2. The apparatus of claim 1 wherein said means for closing and sequentially opening said discharge ports comprises a valve plate disposed in sliding contact with the bottom surface of said base, said valve plate defining a multiplicity of apertures positioned to sequentially align with said discharge ports as said valve plate is displaced laterally.

3. The apparatus of claim 1 wherein said particle flow passageways are of equal size and are uniformly spaced about said cone.

4. The apparatus of claim 2 wherein the apertures in said valve plate are positioned to sequentially align with discharge ports on opposite sides of said splitter cone.

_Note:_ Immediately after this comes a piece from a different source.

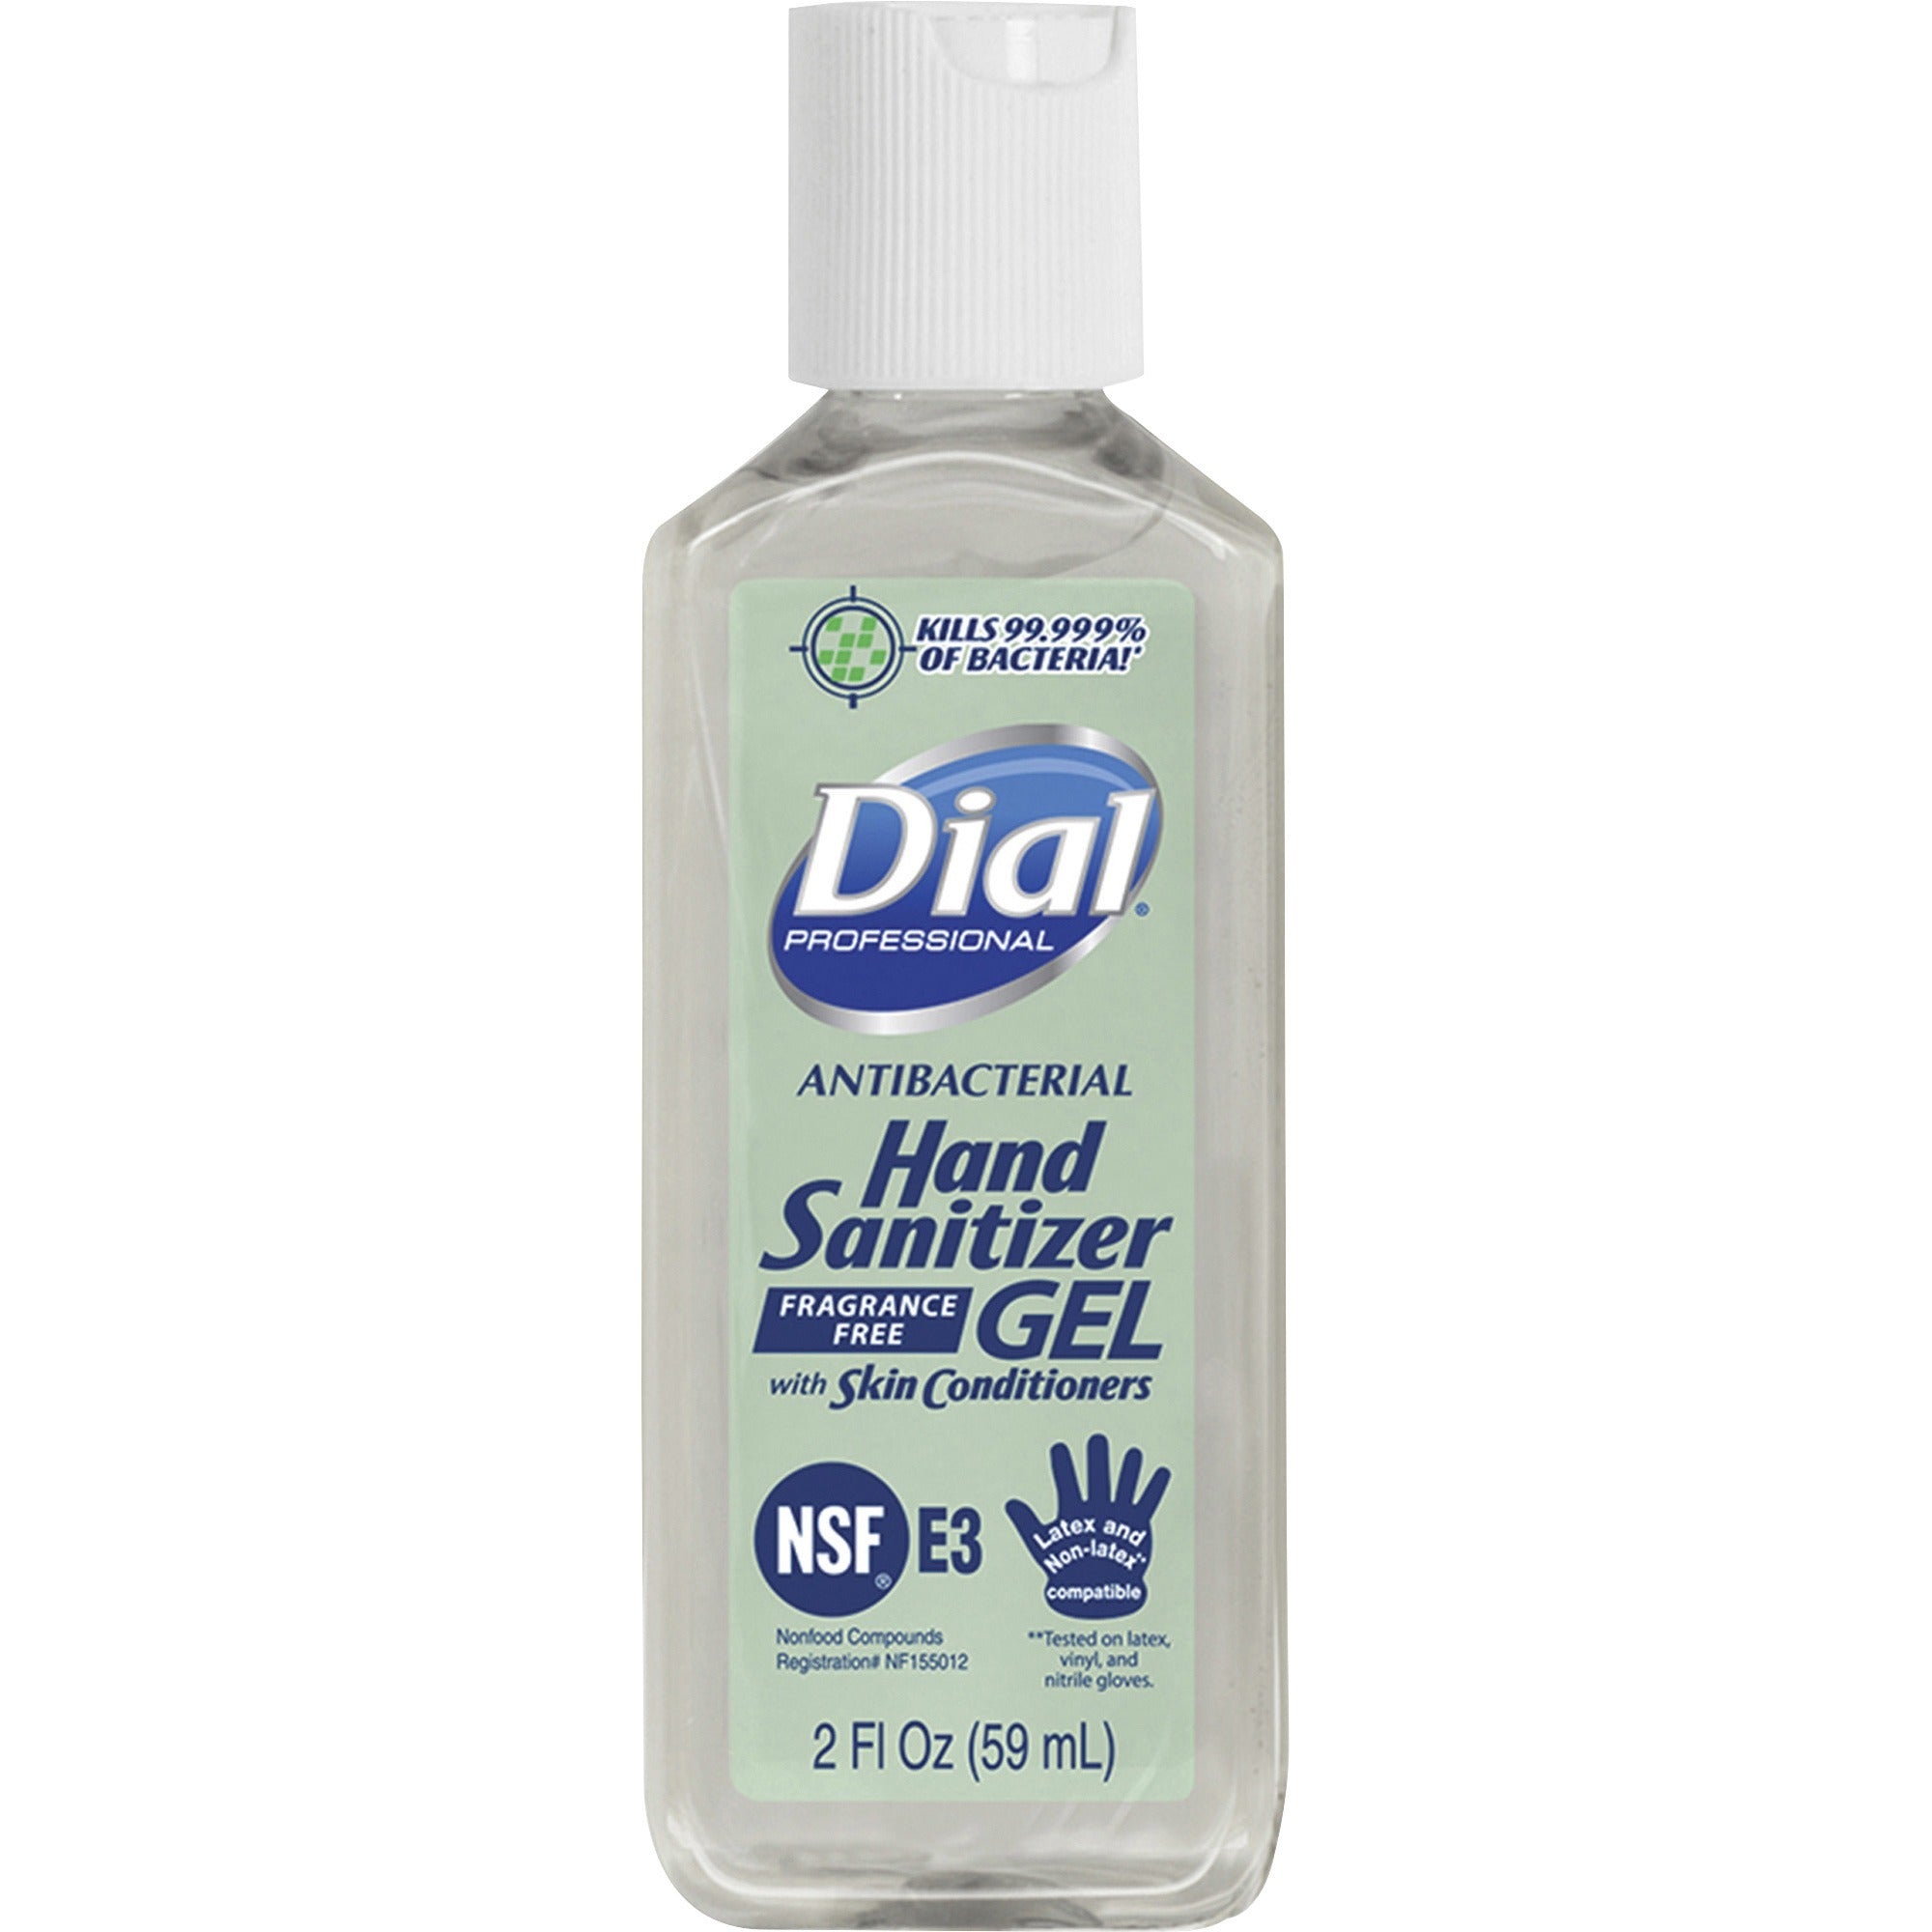 dial-hand-sanitizer-gel-fragrance-free-scent-2-fl-oz-591-ml-bacteria-remover-hand-moisturizing-clear-dye-free-1-each_dia31859 - 1
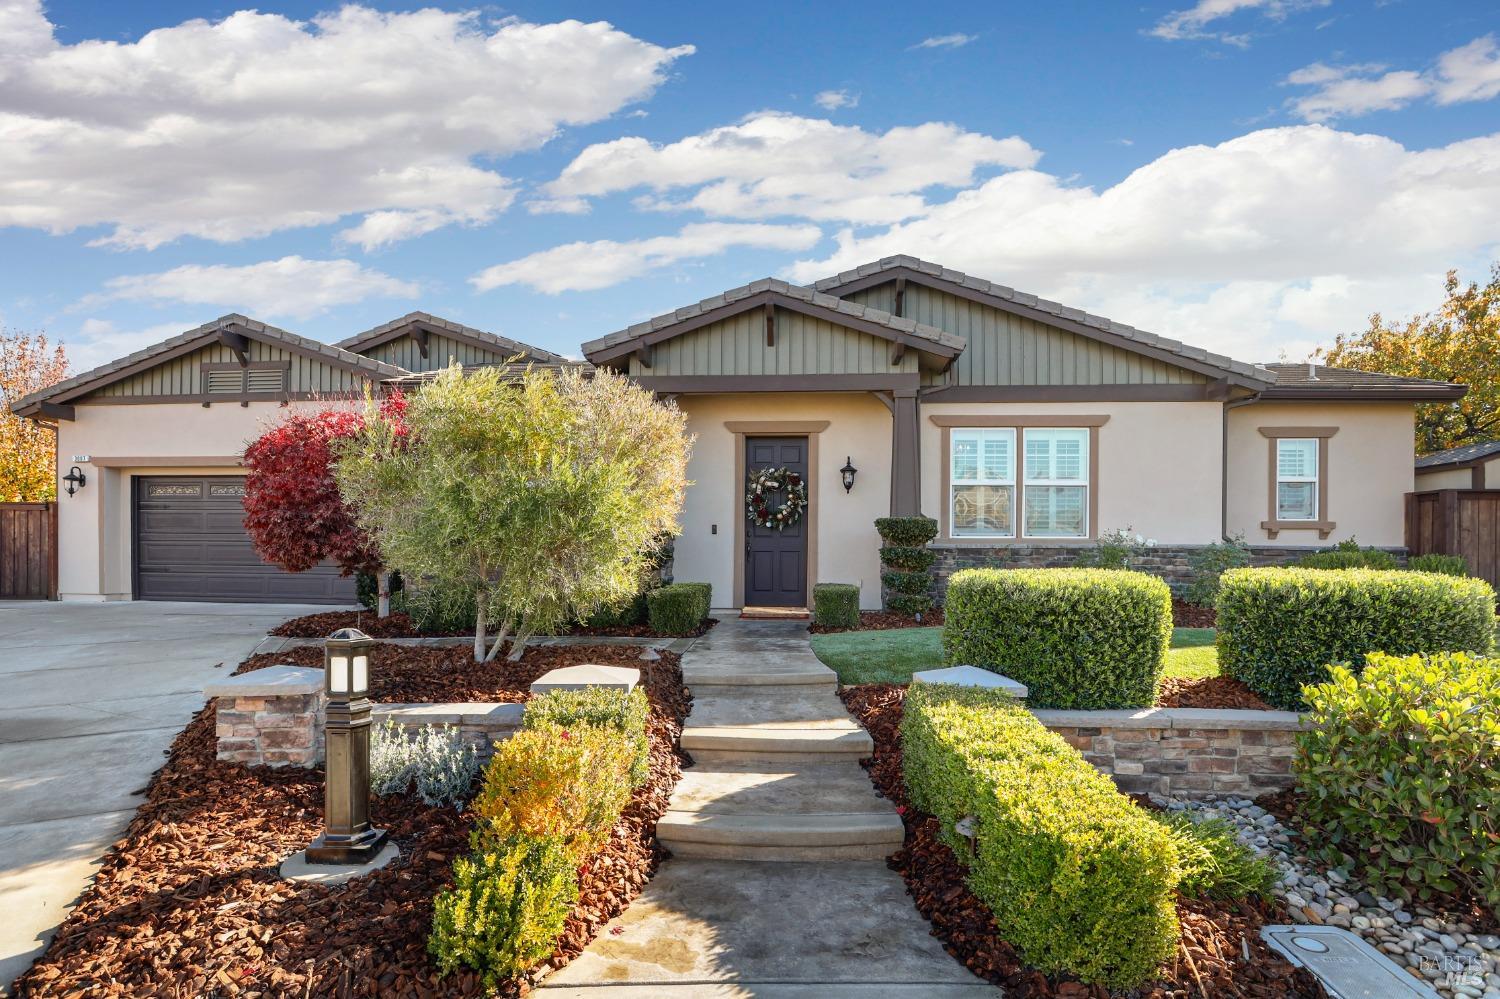 3007 Eagles Nest Ct, Vacaville, CA, 95688

5. Apparatus for blending particles and uniformly loading the blended particles in a receptacle comprising:

a. a funnel-shaped radial mixing member having a larger particle-receiving end and a smaller particle-discharge end, said mixing member having its axis vertically oriented with its larger end disposed above its smaller end;

b. a particle splitter cone having an upwardly extending apex disposed coaxially with and immediately below said radial mixing member, the base portion of said cone having a slotted cylindrical periphery comprising a multiplicity of uniformly spaced slots of equal size;

c. a base disposed below and supporting said cone defining:

i. a multiplicity of collection cavities spaced in a circular array, each of said collection cavities being open to and in gravimetric flow communication with respective slots in the base portion of said splitter cone; and

ii. a multiplicity of discharge ports open to the bottom surface of said base, said discharge ports each being in communication with respective collection cavities in said multiplicity of collection cavities;

d. a valve plate disposed in sliding contact with the bottom surface of said base, said valve plate defining a multiplicity of apertures positioned to sequentially align with said discharge ports as said valve plate is displaced laterally whereby only one of said collection cavities can be unloaded at a time, and whereby the contents of said collection cavities can be unloaded in a sequential order; and

e. means for passing blended particles discharged from said collection cavities to a receptacle.